International studies show an inconsistent picture of cost-effectiveness of the conjugated vaccine. Reasons can be seen in a lack of international guidelines on economic evaluation, differing healthcare systems and the range of uncertainties on the vaccine. The low evidence of information on the herd-immunity-effect of pneumococcal immunisation, the occurrence of serotype-replacement and the effects on the prevalence of antibiotic-resistant strains shall be considered when deciding whether the pneumococcal vaccination for all infants and young children should be added to the German vaccination scheme. There is also little information on the duration of vaccine effectiveness and regional effectiveness because of different serotype incidence. The economic models thus incorporate some uncertainties.

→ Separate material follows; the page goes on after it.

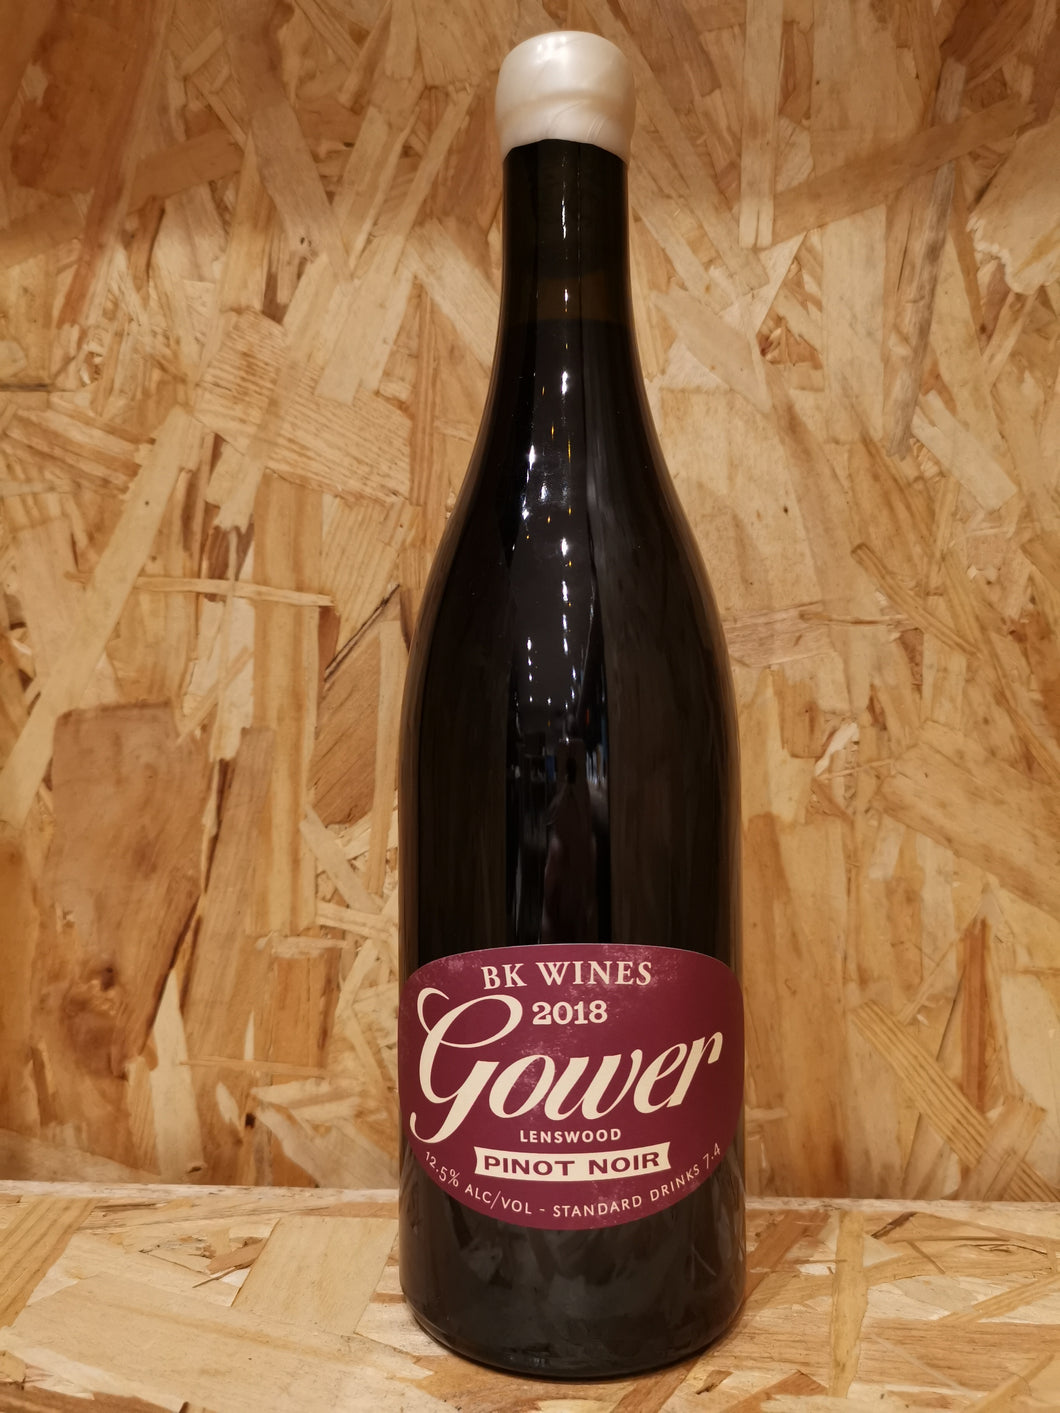 Gower Pinot Noir 2018 75cL

The economic analysis for Germany calculates the incremental cost-effectiveness-ratio over the "do nothing" (conservative medical treatment) strategy. The study does not evaluate the incremental costs over the actual advice of the vaccination schedule which is vaccinating children at high risk. The authors reference the model of von Kries. The given effectiveness against IPD overestimates the proportion of preventable IPD due to the fact that it only takes into account data of a very limited time span. Regarding OM and pneumonia, effectiveness data from Finland and California were taken, thus incorporating further uncertainties in the model. On the other hand, the price of Prevenar decreased to € 54.45 in 2004, in comparison with the assumed price of € 69.02 in the model. Besides the costs and benefits incorporated in the model further effects which might influence the outcome of the economic assessment have to be considered: There is little information on the possible positive effect of herd immunity, as well as on negative effects of replacement. Furthermore, the effects of vaccination on the prevalence of antibiotic-resistant pneumococcal strains have to be observed.
From the healthcare-payers' perspective a general immunisation of all children turns out not to be cost-effective, from society's perspective the general immunisation of all children in Germany would be cost-saving according to the economic-model for Germany. Because of uncertainties summarized above and the decrease of the price of the vaccine against the price assumed in the study no clear recommendation in favour of a general vaccination strategy can be derived at the time of this study.
The ethical question whether some children are denied access to vaccination because of financial reasons gains importance because of comparatively high costs of this vaccination.
At present relatively few pneumococcal strains in Germany show antibiotic resistance. This situation shall further be observed while improving the data evidence for future decisions (epidemiologic data of incidence of pneumococcal diseases and serotyping of pneumococcal bacteria). From the economic perspective no distinct recommendation to add the conjugated vaccination for all children on the German vaccination scheme can be given. This situation may change if the price for the vaccine further decreases. Furthermore a future cost-effectiveness analysis for Germany should incorporate the effects of the replacement phenomenon, the herd immunisation effects and the effects of the vaccination on the antibiotic-resistant pneumococcal strains.